Microorganisms and factories, how are they related?
It is well known that proteins of human origin have a high pharmaceutical value; they are very appreciated and cannot be obtained as other natural resources. Diabetics, for example, traditionally acquired their to doses of insulin (hormone responsible for the regulation of blood glucose) from pig or cow pancreas extractions. Currently we have microbe-based technologies that help us manufacture proteins of interest at a low cost.
So, proteins from microbes are compatible with humans?

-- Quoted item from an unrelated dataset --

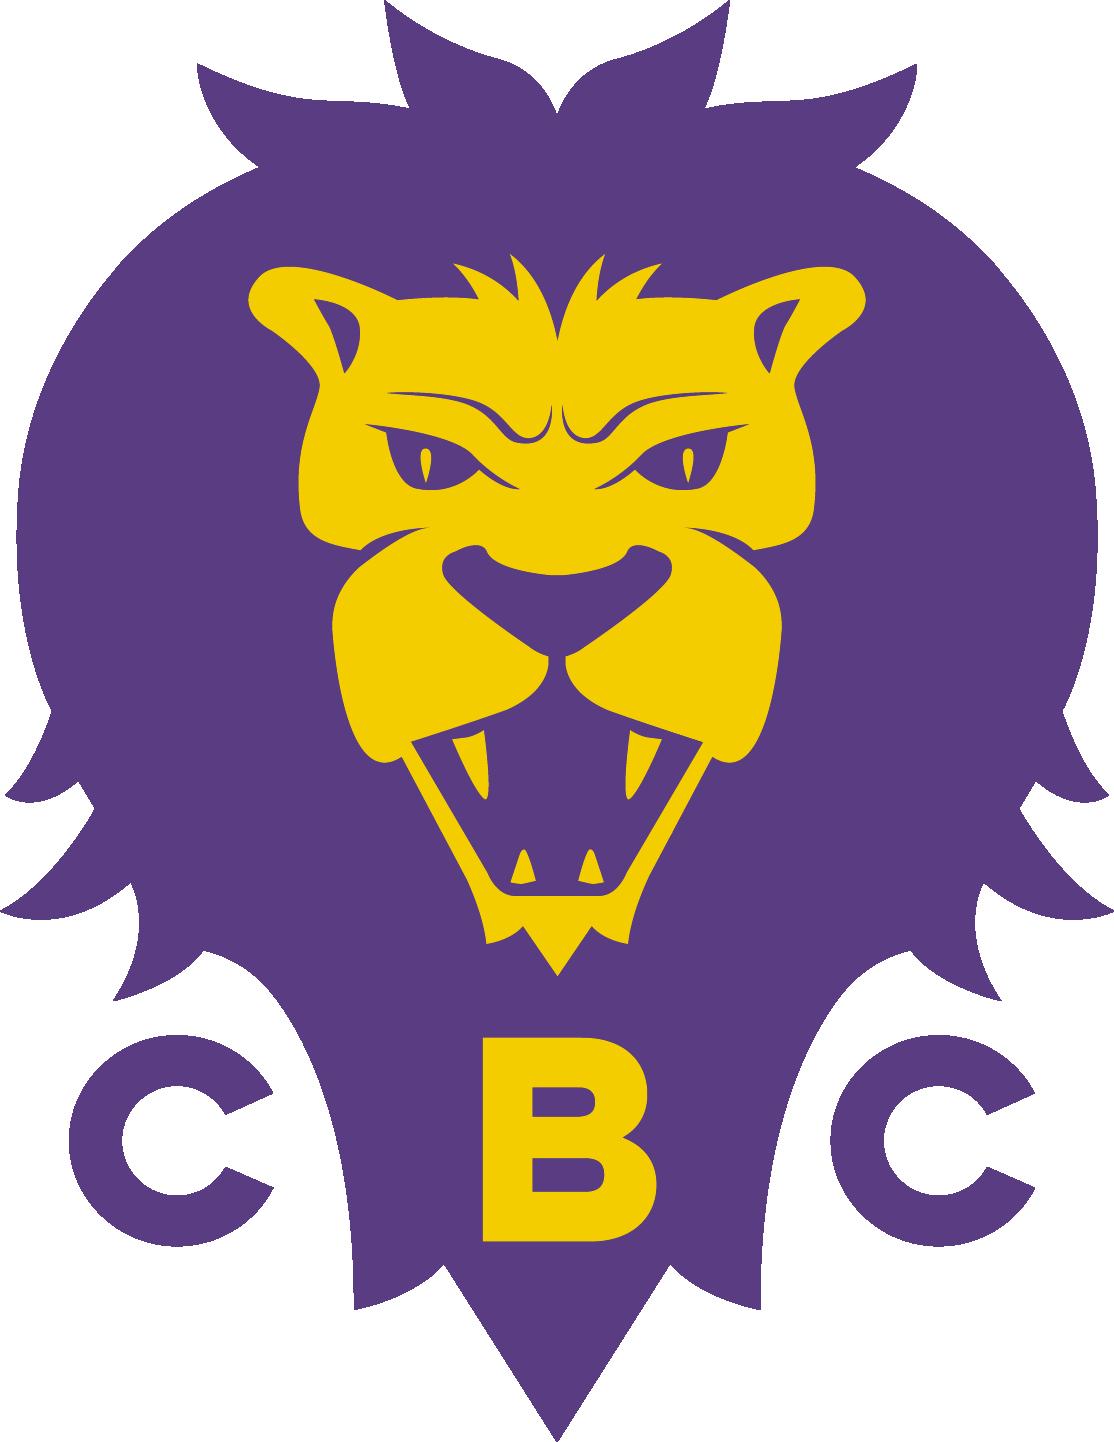 CBC-purplegoldlogo_NO-Carolina.png

Not exactly. The development of recombinant DNA technologies in the late 70’s and its approval by the FDA in the early 80’s allowed us today to have a wide range of pharmaceutical products adapted to our needs and without a moral dilemma regarding animal use or experimentation.
Let’s go by parts; what are recombinant DNA technologies?
As we already introduced in the article skiing among bacteria, we can slightly modify some microbes to produce proteins of interest. The expression of new proteins is called heterologous expression. In a simplified way, the process goes as follows:
- A microorganism (bacteria or yeast) of interest is selected. It should not cause infections, intoxications or other affectations to humans and/or animals. Microorganisms with a good history and without cases of pathogenesis are usually assigned the GRAS label (Generally Recognized As Safe). Comprehensive studies of the microorganism itself and its cellular machinery are necessary in order to continue.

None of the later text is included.